The Board recommends his re-appointment for the approval
of the members. Details, such as brief resumes, nature of
expertise in specific functional areas, names of companies
in which the above-named directors hold directorships,
committee memberships/ chairpersonships, shareholding in
your Company, etc. are furnished in the Notice of AGM.

(v) The Board of Directors at its meeting held on 12th August,
2023 appointed Mrs. Anuradha Saboo (DIN : 01812641) as
an Additional Director (Non-Executive) of the Company w.e.f.

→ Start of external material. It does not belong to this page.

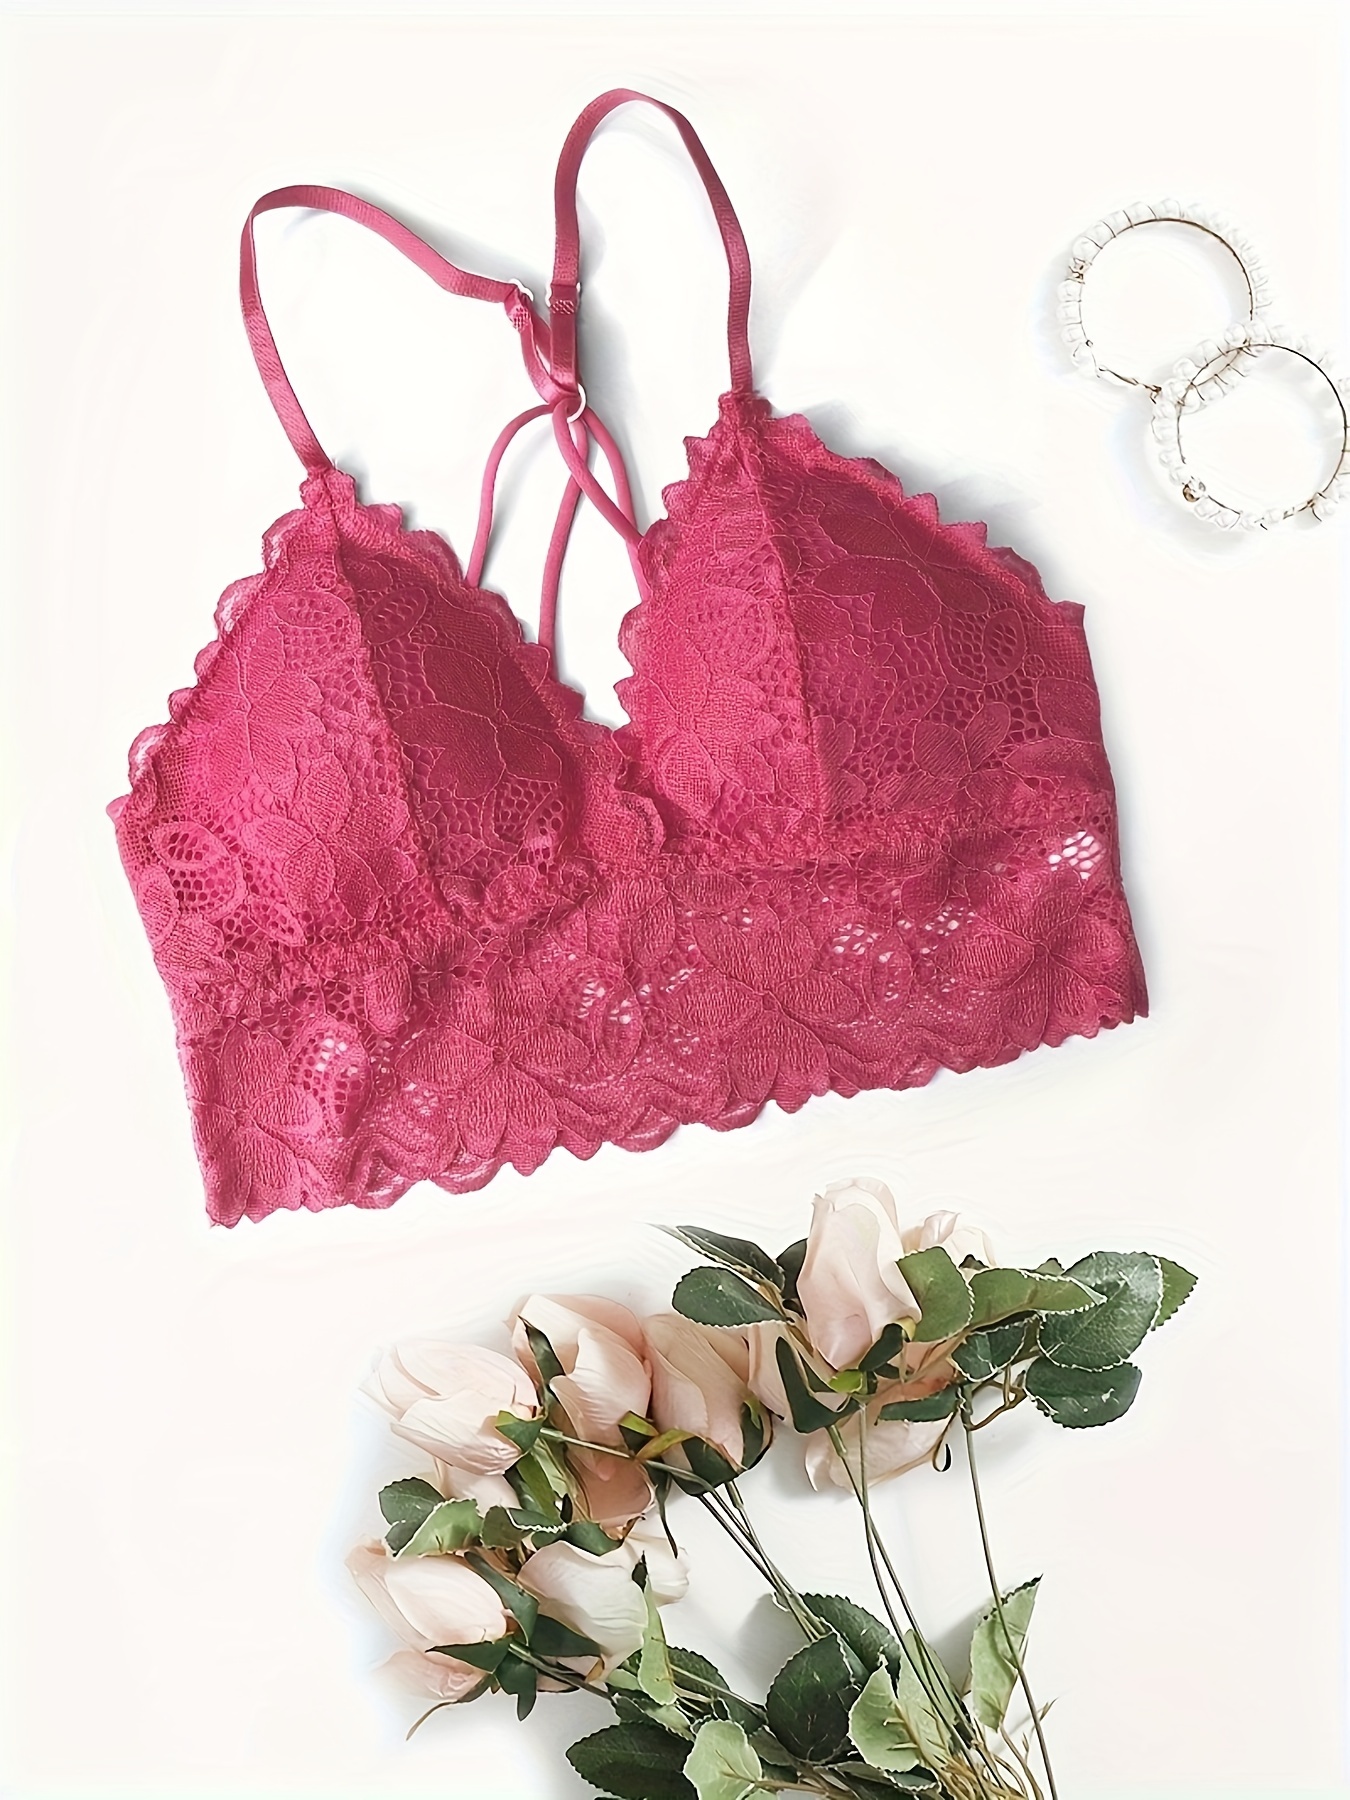 Rosa Scalloped French Lace Bralette –
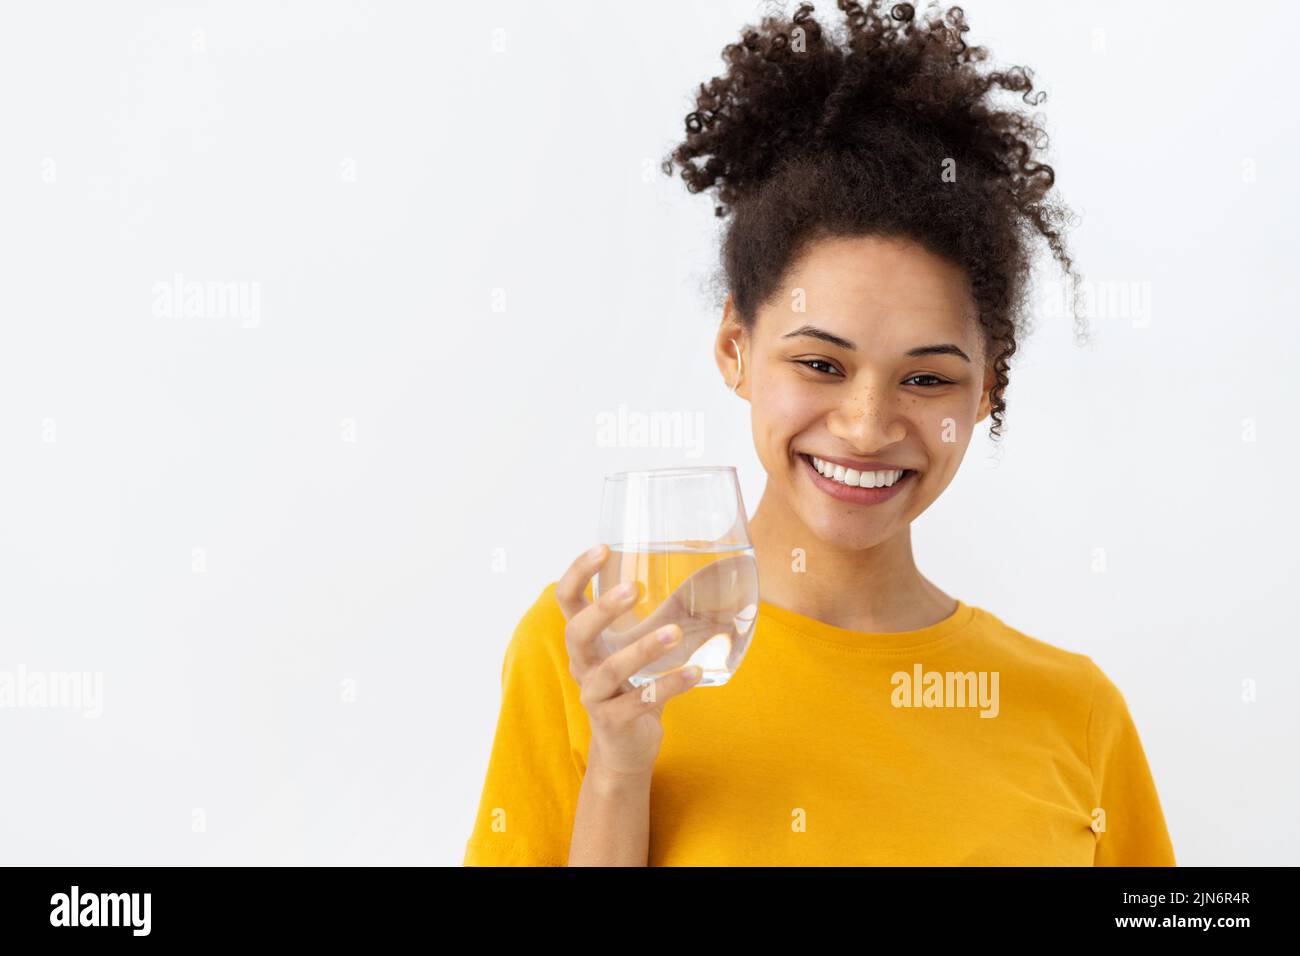 Healthy lifestyle Smiling young woman holding glass of fresh clean water looking at camera and smiling friendly Stock Photo

12th August, 2023 who shall hold office upto the date of
ensuing Annual General Meeting of the Company. A separate
resolution seeking approval from the Shareholders, for her
appointment as Non -Executive Director, liable to retire by
rotation has been incorporated in the Notice convening next
Annual General Meeting.

The list of key skills, expertise and core competencies of the
Board of Directors, is provided in the Report on Corporate
Governance forming part of this report.

In the opinion of the Board, all the directors, as well as the
directors proposed to be re-appointed, possess the requisite
qualifications, experience and expertise and hold high
standards of integrity.

During the year under review, the Non-Executive Directors
(NEDs) of the Company had no pecuniary relationship or
transactions with the Company, other than sitting fees
received by them for attending the meetings of the Board of
Directors and Committee thereof and/or interest on deposits
and dividen payment, if any.

Key Managerial Personnel

Mr. Yashovardhan Saboo, Chairman & Managing Director, Mr.
Sanjeev Kumar Masown - Whole time Director cum Chief
Financial Officer and Mr. Brahm Prakash Kumar Company
Secretary, are the Key Managerial Personnel of the Company.
During the year under review, there were no changes to the
Key Managerial Personnel of the Company.

DIRECTORS RESPONSIBILITY STATEMENT

Pursuant to Section 134 of the Act (including any statutory
modification(s) and/or re-enactment(s) thereof for the time being
in force), the Directors of the Company state that:—

(i) in the preparation of the annual accounts, the applicable
accounting standards had been followed along with proper
explanation relating to material departures;

(ii) the directors had selected such accounting policies and
applied them consistently and made judgments and
estimates that are reasonable and prudent so as to give a
true and fair view of the state of affairs of the Company at
the end of the financial year and of the profit and loss of the
Company for that period;

(iii) the directors had taken proper and sufficient care for the
maintenance of adequate accounting records in accordance
with the provisions of the Companies Act, 2013 for
safeguarding the assets of the Company and for preventing
and detecting fraud and other irregularities;

(iv) the directors had prepared the annual accounts on a going
concern basis; and

(v) the directors had laid down internal financial controls to be
followed by the Company and that such internal financial
controls are adequate and were operating effectively.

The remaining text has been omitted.